Accurate assignment of amino-acid side chains remains a major bottleneck in macromolecular structure determination, particularly for low-resolution structures, samples derived from natural sources, and proteins exhibiting sequence heterogeneity. Even when global validation metrics are satisfactory, local side-chain ambiguities can propagate errors into functional interpretation and computational downstream analyses. The SEQUENCE SLIDER framework provides a foundation for automated sequence assignment by integrating structural biology data and phylogenetic analysis (PMID: 32133987; PMID: 35104880). However, local implementation and large-scale calculations limit accessibility for many experimental biologists.
SEQUENCE SLIDER-ML is an interactive web server that enables users to evaluate, rank, and visualize residue-specific side-chain hypotheses directly from structural data. Users upload a coordinate file (PDB or mmCIF) together with an experimental electron density map. The server analyzes the local structural environment and ranks alternative amino-acid hypotheses for each residue using an internal machine-learning–assisted confidence scoring model.
Results are presented through interactive sequence-level and 3D visualizations (with moorhen and GitHub repository), allowing users to inspect alternative hypotheses in the context of the experimental map. The server highlights low-confidence cases that require expert judgment, providing objective decision support rather than automated assignments.

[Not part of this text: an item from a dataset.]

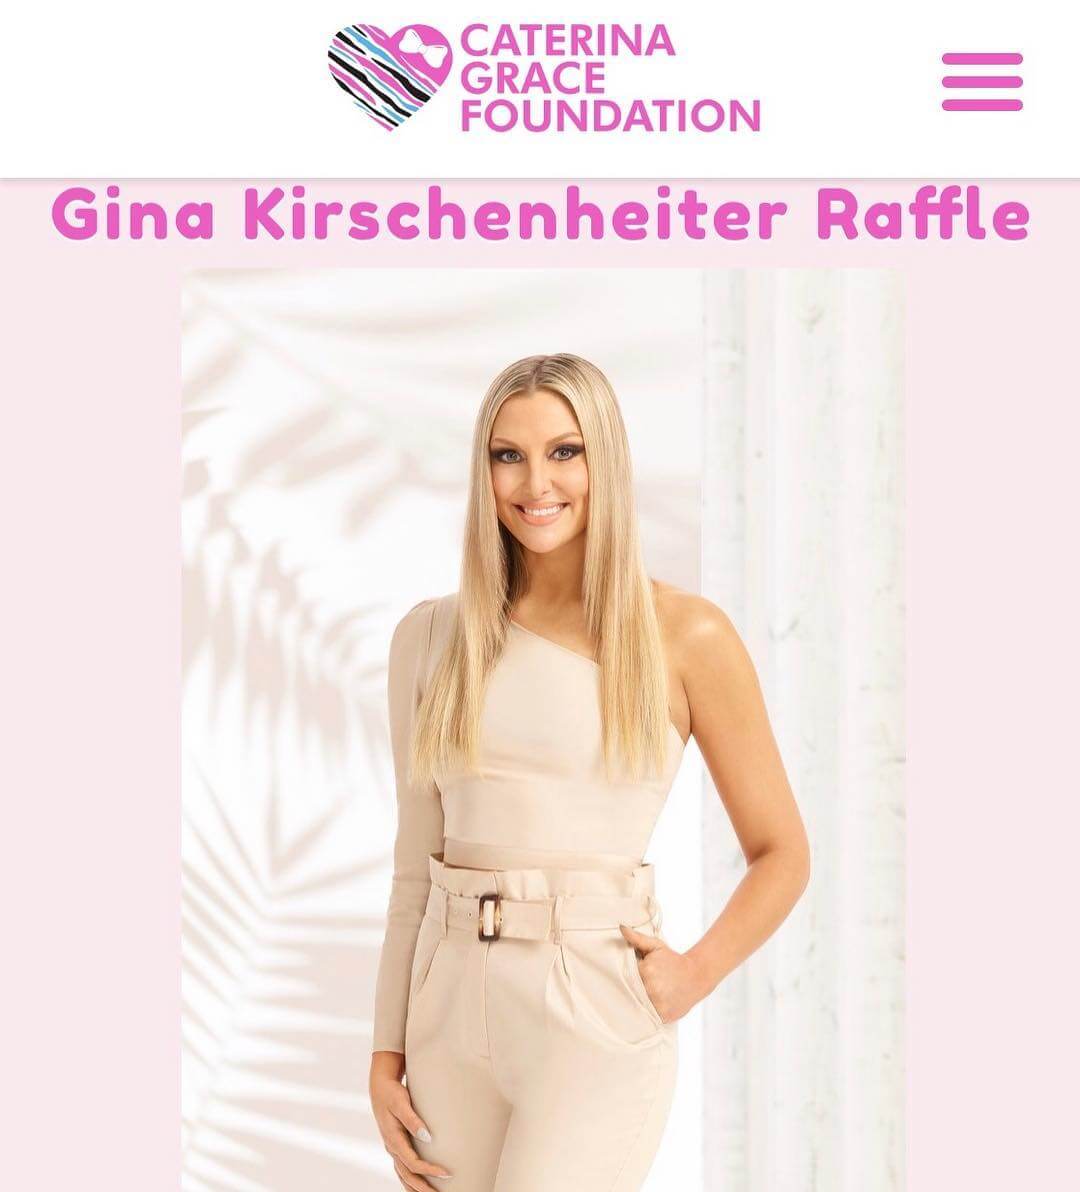 50 Hot Gina Kirschenheiter That Will Make Your Day Better.

The machine-learning component is used exclusively as an internal scoring engine. It is trained on curated experimentally solved protein structures and validated using blind, independent test sets, with model interpretability provided through SHAP analysis.
The server complements existing model-building and refinement software and is particularly useful for ambiguous regions, heterogeneous samples, and post-refinement validation.